Got started pretty easily. The NW offered very little resistance, even with that themer in there. Put AMANAS in immediately, then SEL and NOIRS and I was underway. Had somewhat more trouble in the NE, as I did not know (remember?) Janet MCTEER, so I needed every cross for that (10D: Actress Janet with a Tony, Drama Desk and Olivier Award). Luckily I knew LENA (21A: Actress Headey of "Game of Thrones"), because that MCTEER / LENA cross is unkind. Not great to cross two of the same kind of proper noun like that, when neither has superstar / universal recognition status. Especially bad to cross at a vowel.
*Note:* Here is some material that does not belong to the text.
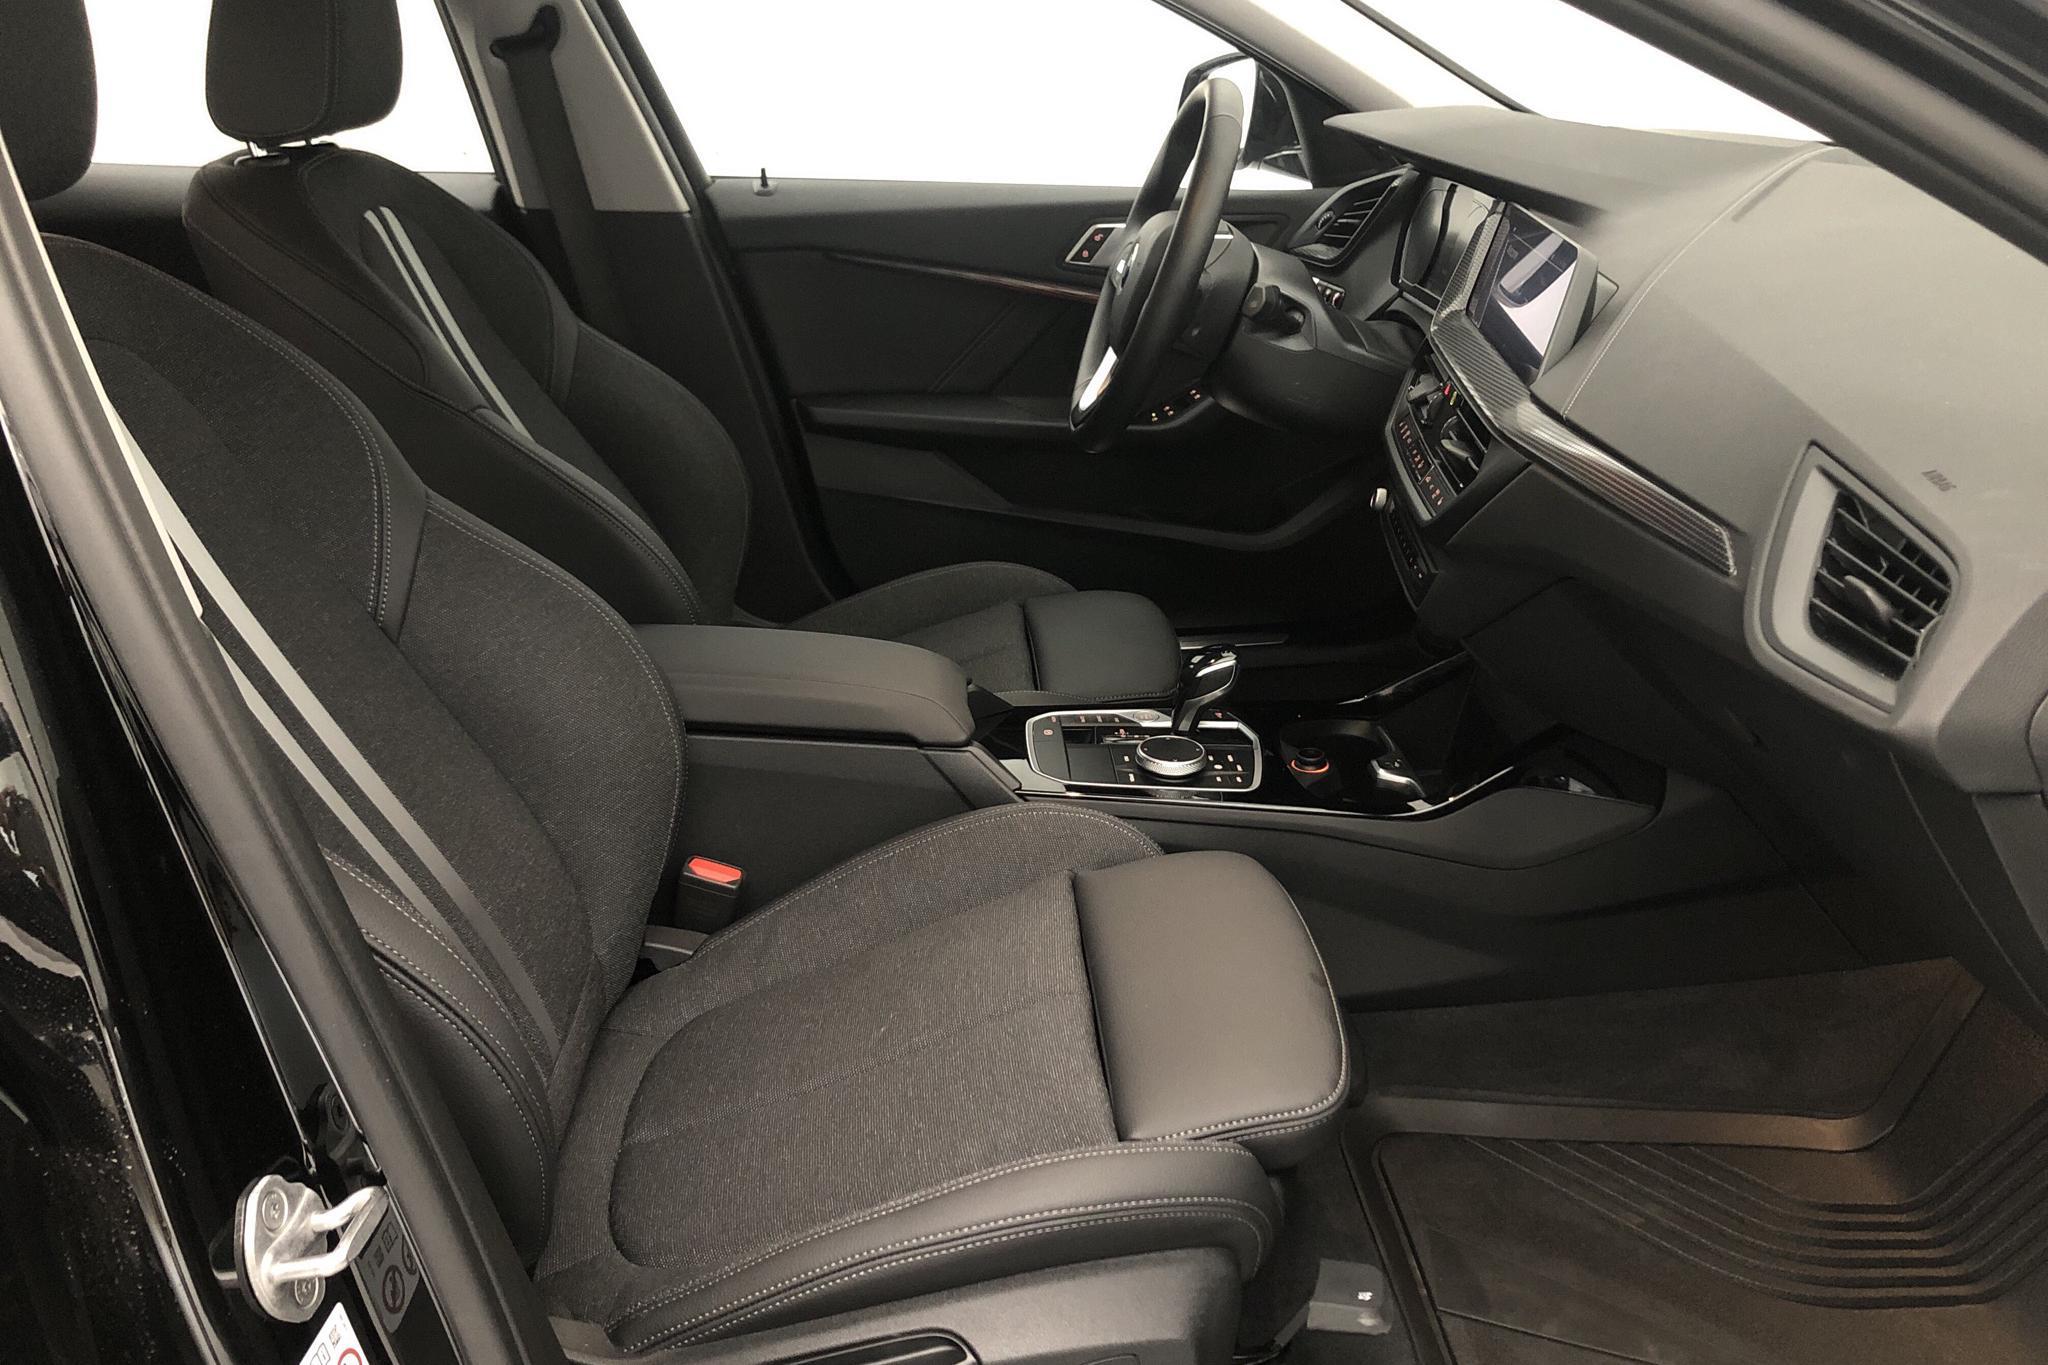 BMW 118i 5dr, F40 (140hk) - 9 440 km - Automatic - black - 2021

Now MCTEER seems more likely than MCTAER, but ... actually, does it? MCTEER's not exactly a common name. Anyway, some poor souls will wreck on that cross, I promise you. RODE HERD is a phrase I haven't encountered in a while, so that took a few ticks to become clear (37D: Kept a close eye (on)). And I just blanked on OPTIMAS because ugh, car names, so many (55A: Midsize Kias). Brain kept going ALTIMAS! But then other Brain would go "That's Nissan, dummy." Lather rinse repeat. But I worked it out.
Signed, Rex Parker, King of CrossWorld
P.S. for non-sports folks, "traveling" is a basketball violation that's called you take more than two STEPS without the ball being dribbled (50A: Traveling, so to speak, in basketball). STEPS has become basketball slang for "traveling."